The implications for exposure to Fukushima radiation are obvious. Cancers are going to result in higher numbers than predicted by the ICRP model.

Schmidt CW 2012. CT Scans: Balancing Health Risks and Medical Benefits. Environ Health Perspect 120:a118-a121. http://dx.doi.org/10.1289/ehp.120-a118

"CT scanners emit X rays. Different tissue types absorb X rays in varying amounts, and the resulting contrasts provide detailed images of anatomy and disease. Absorbed radiation can break chemical bonds in tissues, liberating charged ions (hence the term “ionizing radiation”) that can damage DNA and produce cancer should cells be unable to repair themselves. Nonionizing radiation—lower-energy radiofrequency waves such as those emitted by microwave ovens and cell phones—doesn’t break chemical bonds....
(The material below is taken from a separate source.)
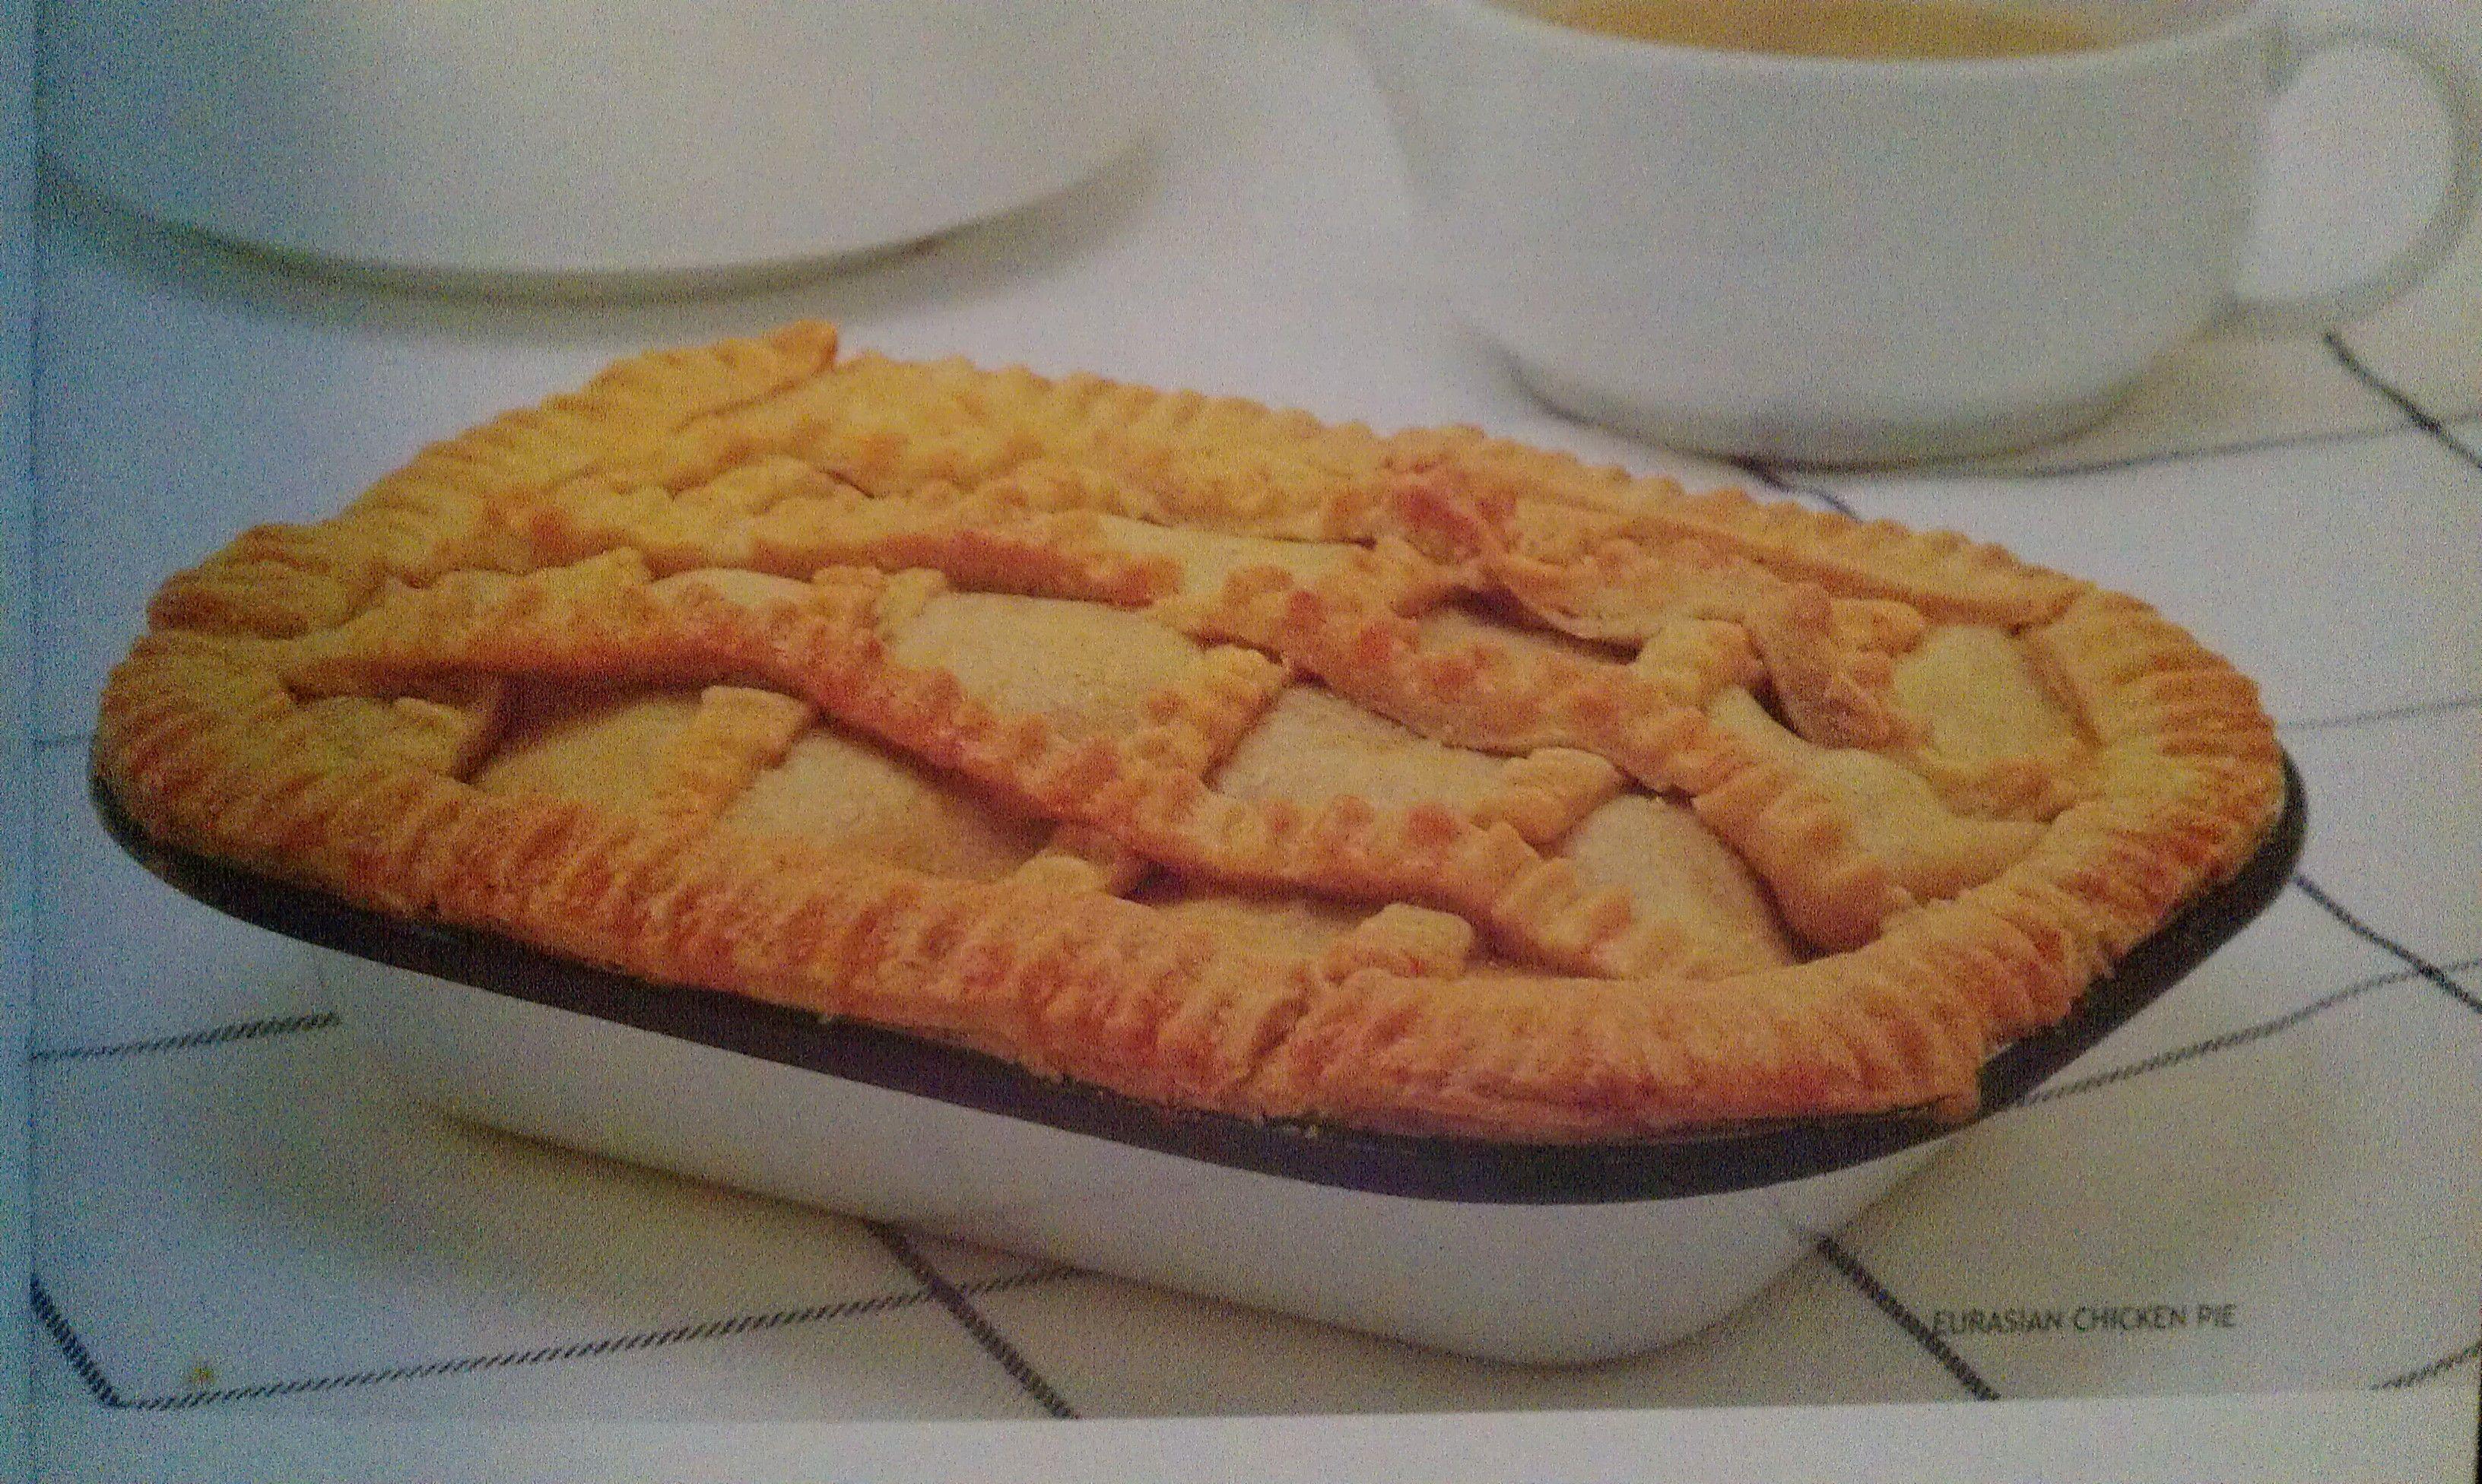 Chicken pie mary gomez the eurasian cookbook eurasian food food forumfinder Choice Image

...The dominant risk assessment model appears in a 2006 report from the National Research Council’s Biological Effects of Ionizing Radiation (BEIR) subcommittee.6 The BEIR VII model postulates there is no safe level of ionizing radiation exposure; carcinogenic effects are assumed to follow a linear dose response, meaning even the smallest exposure carries some level of cancer risk. The BEIR VII model generates so-called lifetime attributable risk (LAR) factors, which estimate the likelihood of cancer in hypothetical individuals as a function of dose. Multiplying the LAR by the number of people exposed to a given dose yields an estimate of expected cancers from that exposure in the population....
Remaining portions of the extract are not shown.